Lastly, women’s attitude towards preconception care was significantly associated with preconception care utilization. Women who had favorable attitude towards preconception care were 1.65 times more likely to utilize preconception care compared to their counterparts. This finding is consistent with studies done in West Guji zone [30]. This might be due to the fact that if women had favorable attitude towards preconception care they may have intention to utilize PCC and increase its utilization.

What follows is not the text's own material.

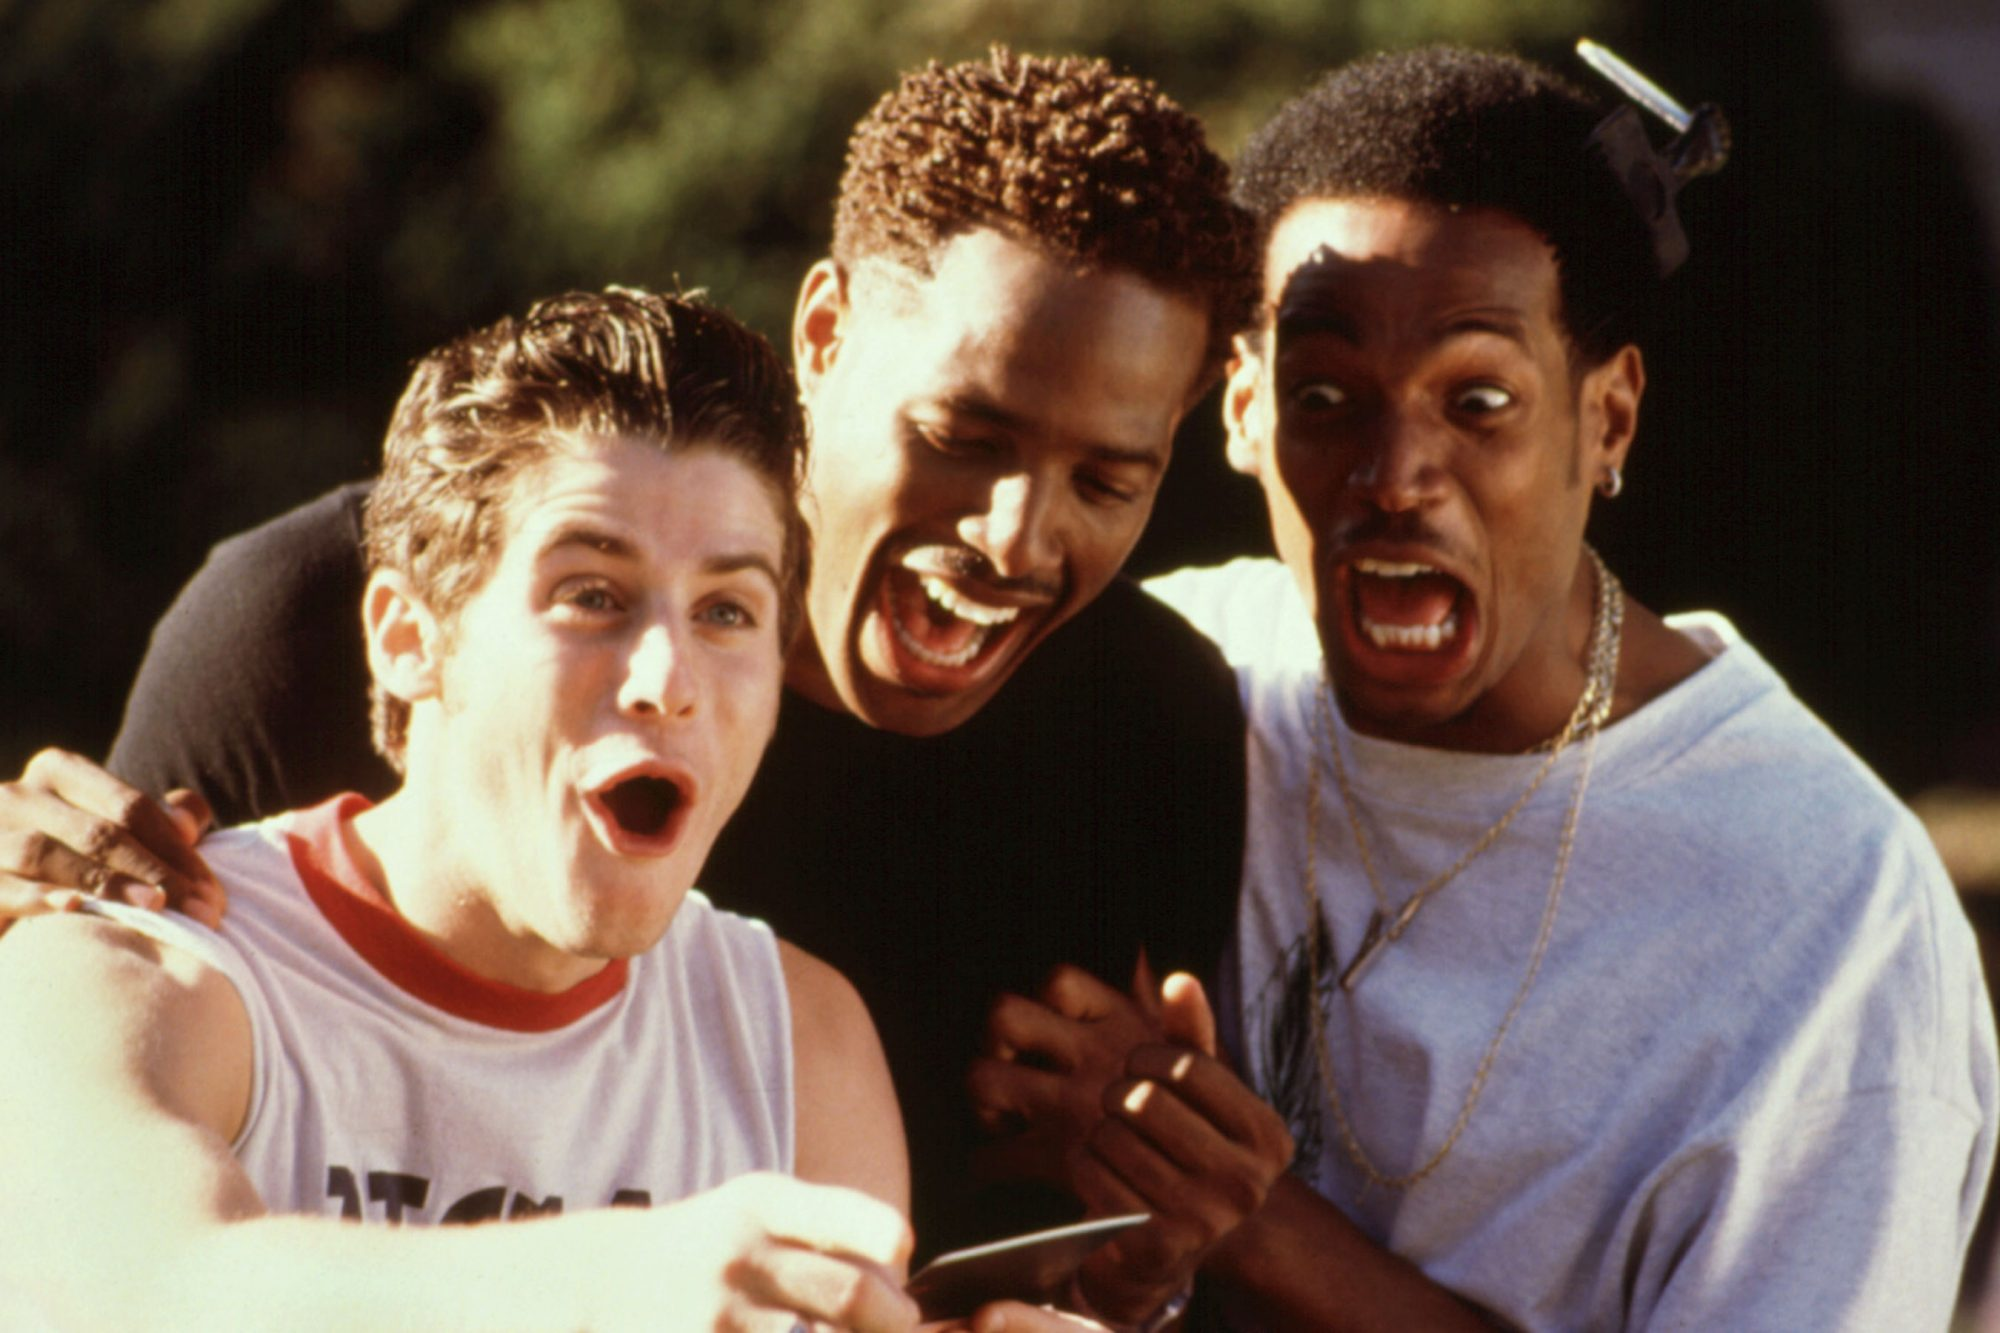 SCARY MOVIE, Jon Abrahams, Shawn Wayans, Marlon Wayans, 2000

This could also be because mothers with a positive attitude may have the opportunity to receive information about the importance of preconception care for the well-being of the mother and children, leading them to rely on the use of PCC.
Conclusion
This study found that the utilization of preconception care in the study area is low. Maternal age ≥ 35 years, having a chronic medical illness, having a good knowledge of utilization of PCC, and having a favorable attitude towards utilization of PCC were independent factors positively affecting the utilization of preconception care. The concerned stakeholders should work to improve the utilization of PCC by improving knowledge and attitude of women towards utilization of the service. Information, health education, and the creation of awareness should be strengthened in communities about preconception care.
Declarations
Ethical Approval and Consent to Participate
The ethical approval letter was obtained from the School of Midwifery on behalf of the University of Gondar Institutional Review Board (IRB). A formal letter of administrative approval was obtained from each health facility in Gondar town. The study participants were then informed about the purpose of the study and the rights of the participants. Finally, prior to the actual data collection, written informed consent was obtained from each participant.
Authors’ Contributions
All authors made a significant contribution to the study reported, whether that is in the conception, study design, execution, acquisition of the data, analysis, and interpretation, or in all these areas; took part in drafting, revising, or critical reviewing the article; give final approval of the version to be published; have agreed on the journal to which the article has been submitted; and agree to be accountable for all aspects of the study.
Data Availability Statement: The authors declare that the data regarding this manuscript can be accessed as per the request of any interested body from the principal author.
Acknowledgment
We would like to thank the University of Gondar for providing Ethical clearance. We would also like to extend our gratitude to each health facility’s administrative, data collectors, supervisor, and study participants.